Dans un budget d’armement, le calendrier n’est pas un détail administratif. Wellington Koo a affirmé que l’échéance attachée au plan de l’opposition était impossible à respecter .
Le ministère taïwanais de la Défense a aussi indiqué qu’il chercherait à prolonger la date à laquelle un accord devait être signé avec les États-Unis pour un lot de livraisons d’armes, en raison de l’impasse parlementaire sur les dépenses de défense .
En pratique, le conflit ne porte donc pas seulement sur le chiffre affiché. Il porte aussi sur la capacité de Taïwan à transformer des crédits votés en contrats signés, puis en livraisons effectives, dans les délais imposés .
Le débat a attiré l’attention d’élus américains.

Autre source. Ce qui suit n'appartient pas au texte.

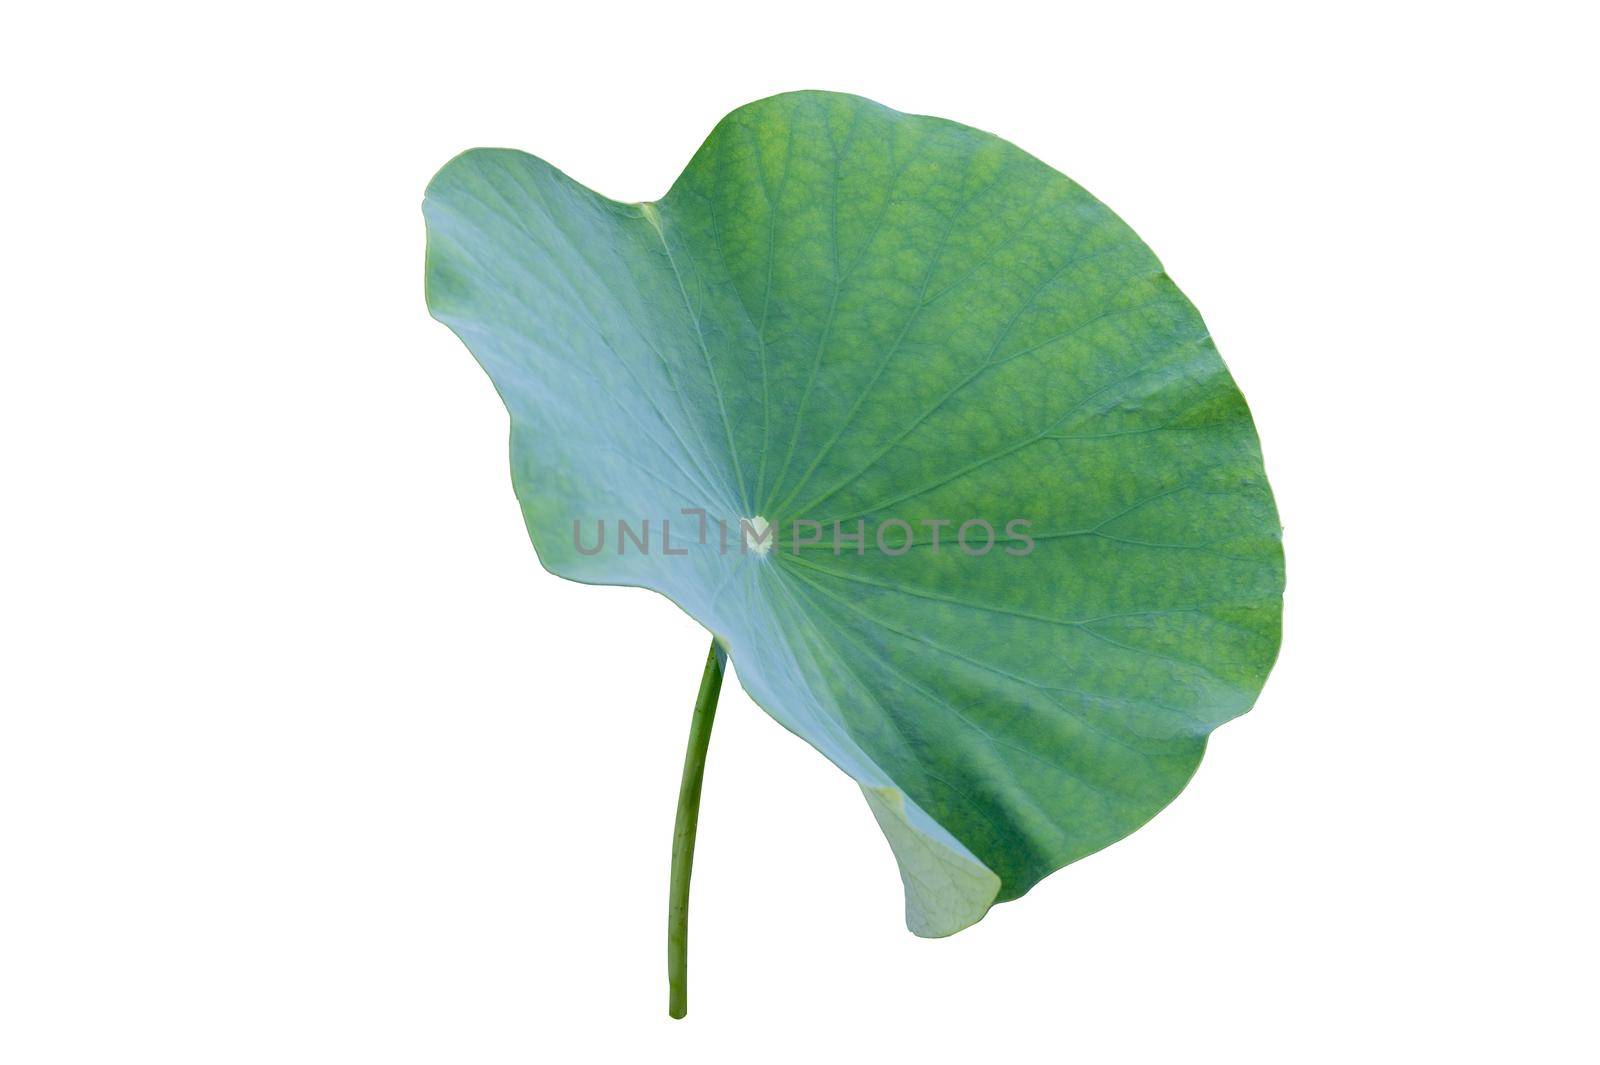 Lotus leaf Isolate collection of white background by sarayut_thaneerat

Focus Taiwan a rapporté que deux sénateurs américains avaient appelé les partis taïwanais à adopter rapidement le plan de défense de 1 250 milliards de NT$ proposé par le cabinet, en invoquant son importance pour la sécurité nationale .
Taiwan News a aussi rapporté que 34 sénateurs et représentants américains s’étaient inquiétés de la possibilité qu’une seule partie du budget soit approuvée, et avaient appelé à un financement suffisant pour répondre aux défis de sécurité actuels .
Lai Ching-te a développé un argument proche sur la crédibilité de Taïwan : selon Taiwan News, il a averti que l’île devait adopter le paquet de défense, faute de quoi elle risquait d’envoyer un mauvais signal à la communauté internationale .
Le compromis parlementaire n’est pas simplement le plan Lai en moins cher. C’est une formule plus étroite, centrée sur des achats d’armes américaines, représentant environ un tiers de la demande du gouvernement et assortie d’une échéance que le ministre de la Défense juge irréaliste .
Le plan initial de Lai, lui, était un budget spécial beaucoup plus vaste : 1 250 milliards de NT$ sur 2026-2033, destiné à soutenir un renforcement militaire plus large, avec notamment missiles, drones et défense aérienne T-Dome dans les éléments rapportés .
Le vrai clivage porte donc sur trois questions : combien dépenser, pour quels équipements, et quelle part de la stratégie de défense de long terme de Lai les parlementaires sont prêts à engager dès maintenant.